The workflow for estimation of HFI prevalence in the Chinese population. This study consisted of two parts were performed: (1) ALDOB variant pathogenicity curation. (2) Estimation of HFI prevalence

Fig. 2
figure 2

Allele frequency comparison for 24 pathogenic variants to different populations. The value in each box shows the AF for each variant (row) in each population (column). The blank box means the variant has not been detected in the population. All variants will be show if there are less than 10 variants in the mutation type. In total 13 P/LP variants had AF higher than 1e-5 in local CCGT database, and the A338V were significantly higher compared with the other populations (all P values < 0.05).
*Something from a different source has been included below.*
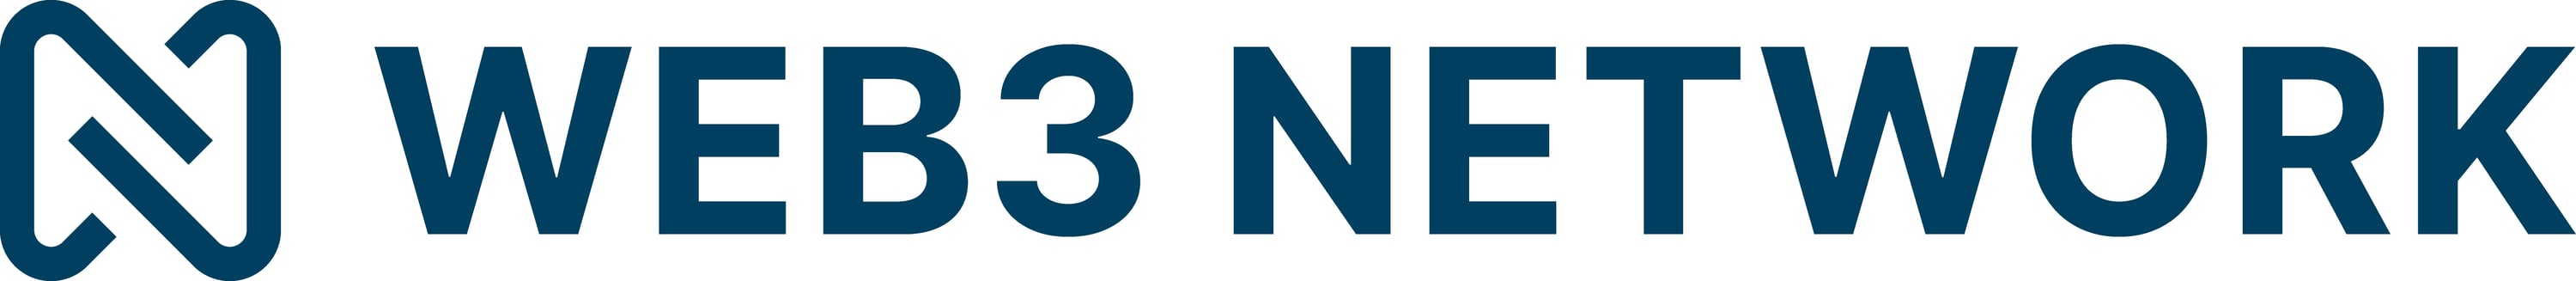 web3 network - logo
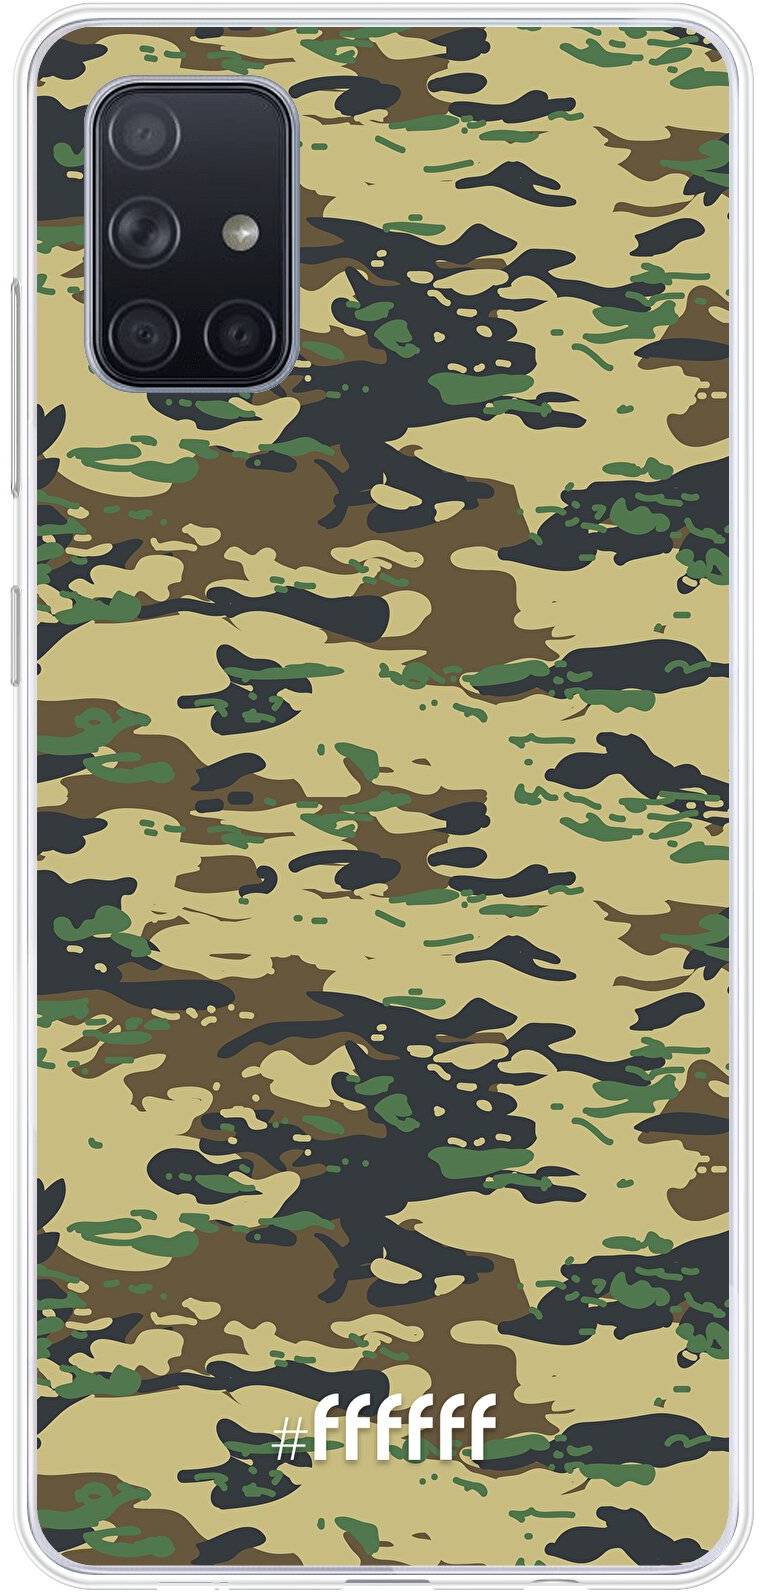 Desert Camouflage Galaxy A71

AFR: African American; ASJ: Ashkenazi Jewish; NFE: non-Finland European population; FIN: Finnish in Finland; AMR: admixed American population; SAS: South Asian; EAS: East Asian population

Estimation of HFI prevalence in the Chinese population

We estimated the HFI prevalence based on 20,919 pediatric patients in the CCGT Child Cohort (12,783 males and 8136 females) and 10,031 parental samples in the CCGT Parent Cohort (5006 males and 5024 females). The total number of individuals carrying P/LP ALDOB variants was 61 (36 males and 25 females) in the Child Cohort and 27 (11 males and 16 females) in the Parent Cohort. Based on these results, the estimated HFI prevalence in the Chinese population was between 1/470,416 and 1/462,233 in the Child Cohort and 1/571,594 and 1/532,412 in the Parent Cohort. Specifically, the estimated prevalence of HFI by the Bayesian framework was 1/462,839 (95% confidence interval 1/803,692 ~ 1/293,567) in the Child Cohort and 1/532,412 (95% confidence interval 1/1,270,634 ~ 1/277,464) in the Parent Cohort. In total, the estimated prevalence of HFI in the Chinese population is 1/504,678 by averaging all the above results (Table 1). The prevalence rates in the HuaBiao database (1/410,068) and the East Asian population (1/818,758) are similar (Additional file 2: Table S7).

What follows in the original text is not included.